— Да, хозяин.
— Ты эту клятву нарушил. Почему? Молчишь? Но аллах видит все. И он тебя покарает. Твое место в геенне огненной! И я сам отправлю тебя туда по воле аллаха! Изменившим аллаху — пощады нет! Их место в геенне, где каждому будут заклеймлены лбы, бока и хребты. А тебе, по воле аллаха, — свирепо сказал Толебай, — я это сделаю сам, чтобы в геенне огненной знали, как велико твое преступление!
Суд над Архетом происходил в ясное, жаркое утро на берегу озера Коянсу, перед белой юртой Толебая.
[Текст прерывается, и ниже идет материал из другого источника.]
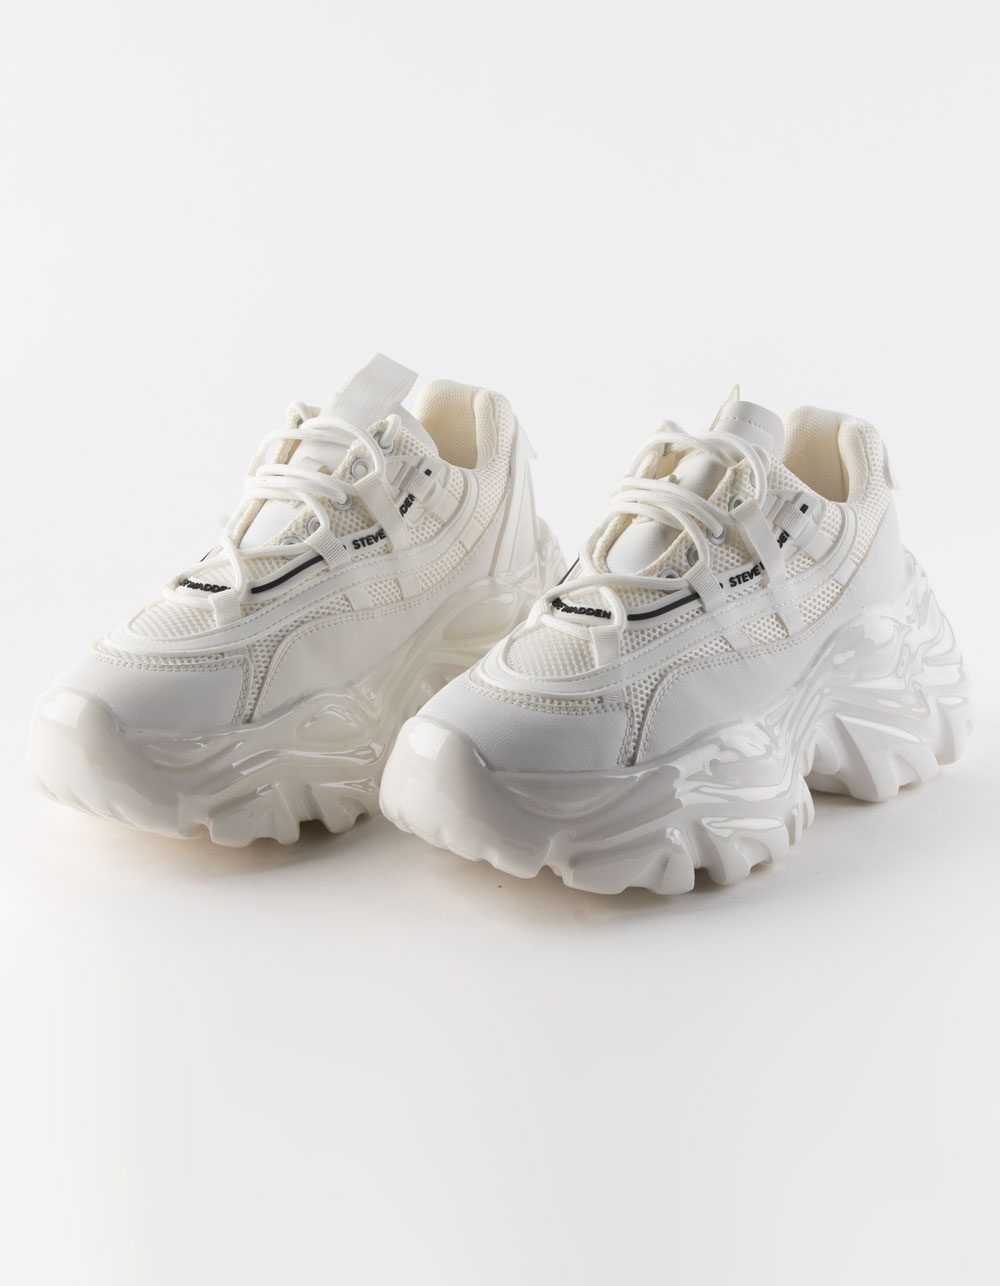 STEVE MADDEN Ecker Womens Shoes - WHITE | Tillys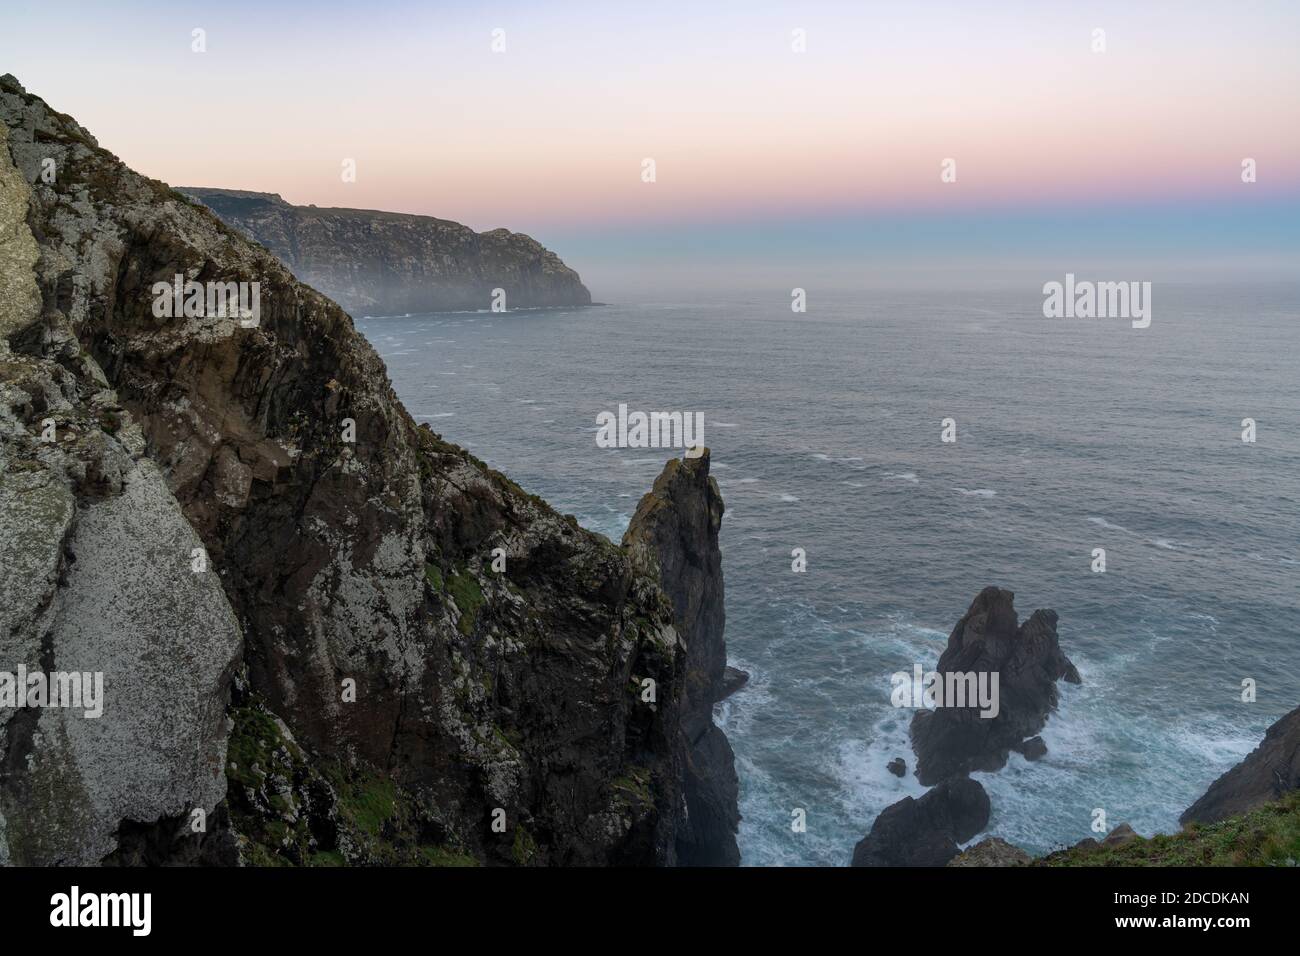 Bellissimo tramonto sulla costa rocciosa selvaggia della Galizia in Spagna settentrionale Foto Stock

Судил его сам Толебай, а речь обвинителя произнес мулла Альжапар.
— Да поразит тебя Азраил, клятвопреступник! — сказал мулла в конце своей длинной речи. — И да поразит он за предательство каждого, кто забудет о священном долге быть вечно преданным аллаху и старшему в роде своем!
Раскаленной в пламени костра железной тамгой, родовым знаком Алтынбаевых, которым метили скот и коней, Толебай сам лично выжег тавро на груди и спине зашедшегося в крике, а затем потерявшего сознание Архета.
Возможно, что в своей необузданной ярости он здесь же и убил бы его, если бы со стороны соседнего аула Ит-Басар не появился на своем мохнатом, ленивом лошаке оленгчи, то есть рифмоплет и певец Хаким.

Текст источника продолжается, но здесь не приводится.